The Greenfield project simulates a smart city named Greenfield where a fleet of cleaning robots move around the city districts to clean the streets and measure air pollution. The project involves creating several components, including an Administrator Server, an Administrator Client, and a network of robots that coordinate through gRPC and send pollution measurements via MQTT.
This project was developed as part of the Distributed and Pervasive Systems Lab Course at the university.
The MQTT Broker is used by the cleaning robots to publish air pollution measurements to the Administrator Server. The broker operates at tcp://localhost:1883
.
The cleaning robots are the core of the project. Each robot:
- Periodically sends air pollution measurements to the Administrator Server via MQTT.
- Coordinates with other robots using gRPC to decide which robot can go for maintenance at a time.
- Simulates a sensor to detect air pollution levels, which are processed using a sliding window technique.
The Administrator Server is a REST server that manages the network of cleaning robots and collects pollution data sent via MQTT. It provides APIs to:
- Register and remove cleaning robots.
- Collect and analyze pollution measurements.
- Provide statistics to the Administrator Client.
The Administrator Client is a command-line interface that allows querying the Administrator Server for information about the robots and pollution statistics.
- Registration: Robots register with the Administrator Server, which assigns them a position in Greenfield and provides information about other robots in the system.
- Coordination: Robots use gRPC to communicate and decide which one should go for maintenance using a mutual exclusion algorithm.
- Measurement: Each robot measures air pollution (PM10 levels) and sends the average measurements to the Administrator Server every 15 seconds.
- Reporting: The Administrator Server collects pollution data from all districts and makes it available to the Administrator Client for analysis.
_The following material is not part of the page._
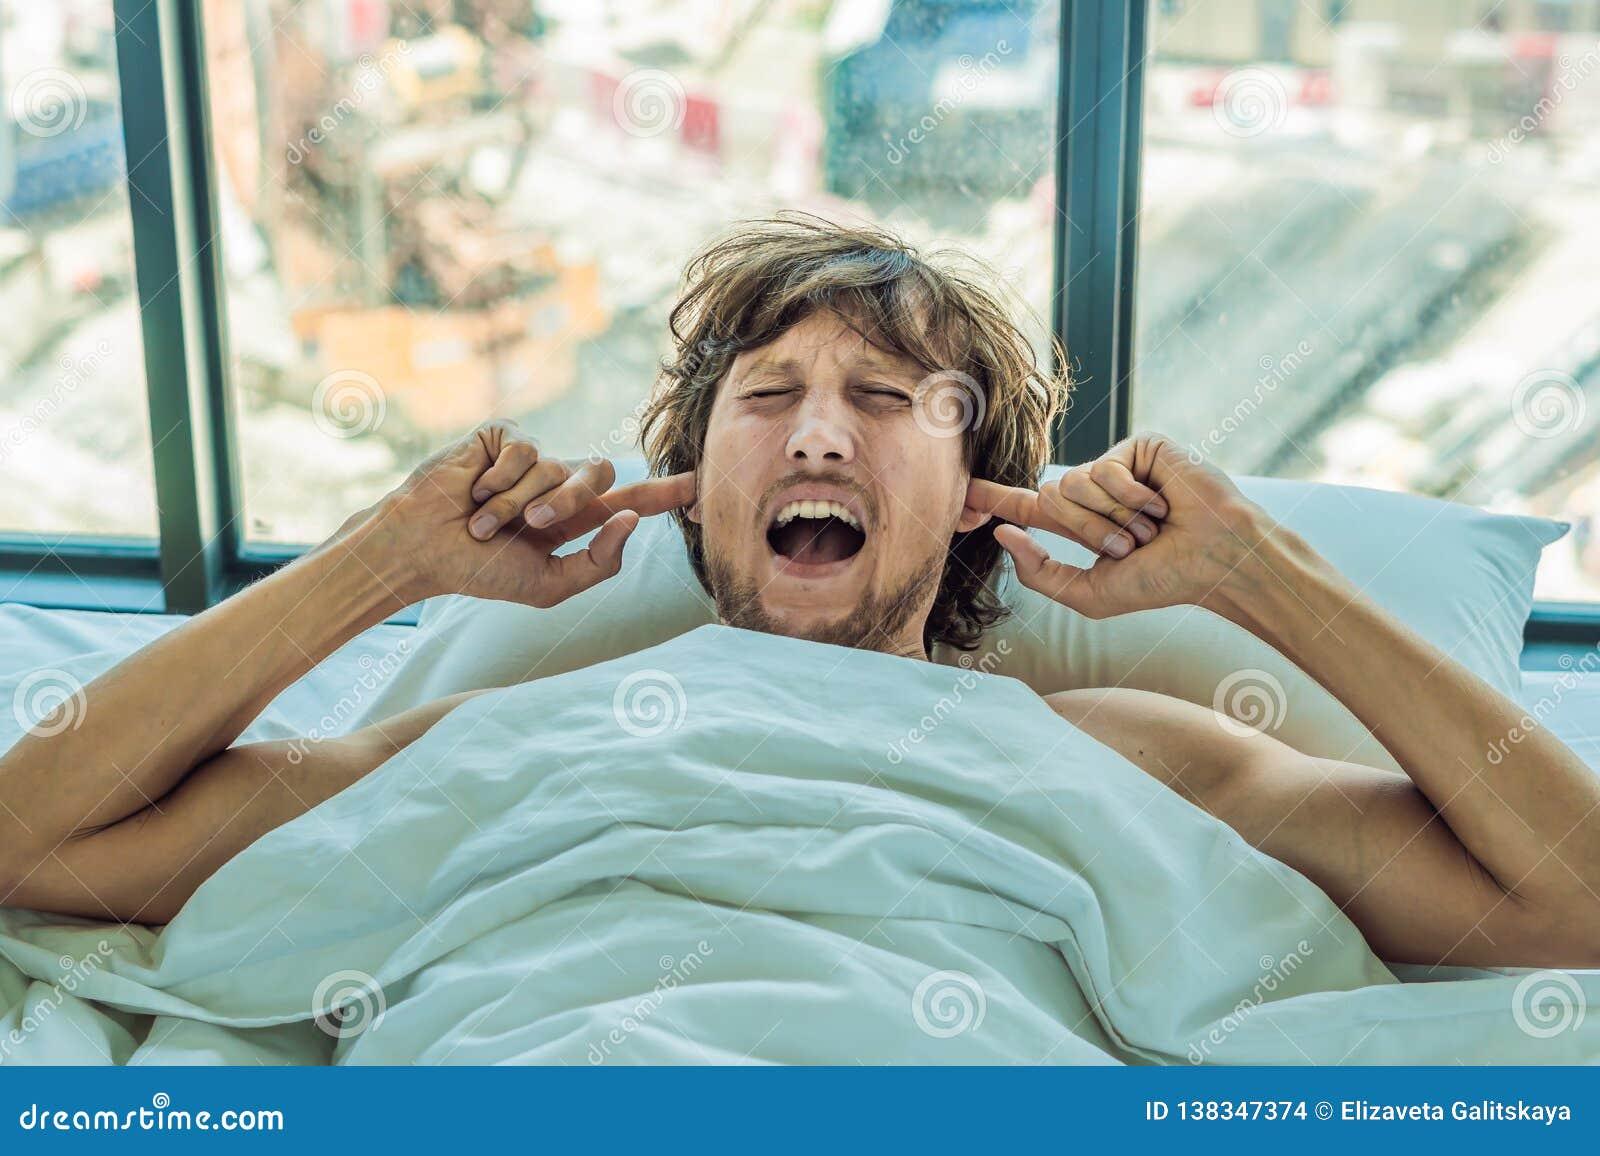 De jonge mens die op een bed liggen behandelde haar oren wegens het lawaai In het venster na het bed kunt u de bouw zien

- Ricart and Agrawala Algorithm: The mutual exclusion for robot maintenance is implemented using the Ricart and Agrawala algorithm. This distributed algorithm ensures that only one robot at a time can access the mechanic for maintenance, avoiding conflicts. The robots coordinate through gRPC to request and grant permission to enter the critical section (maintenance).
To start the Greenfield project, follow these steps:
-
Clean the Project: Run the Gradle
clean
task to ensure that the project is built from a clean state../gradlew clean
-
Build the Project Run the Gradle build task to compile the project and generate the necessary protocol buffer files.
./gradlew build
-
Run the Administrator Server Start the Administrator Server to manage the robots and handle pollution data.
-
Allow Multiple Instances of
RobotStart
: Run multiple instances of RobotStart to simulate multiple robots in Greenfield. -
Run RobotStart Instances: Launch several robots by running multiple instances of RobotStart. Each robot will register with the Administrator Server and start its operations.
-
Run the Administrator Client: Use the Administrator Client to interact with the Administrator Server and obtain statistics or manage the robot fleet.
This project is licensed under the MIT License - see the LICENSE file for details.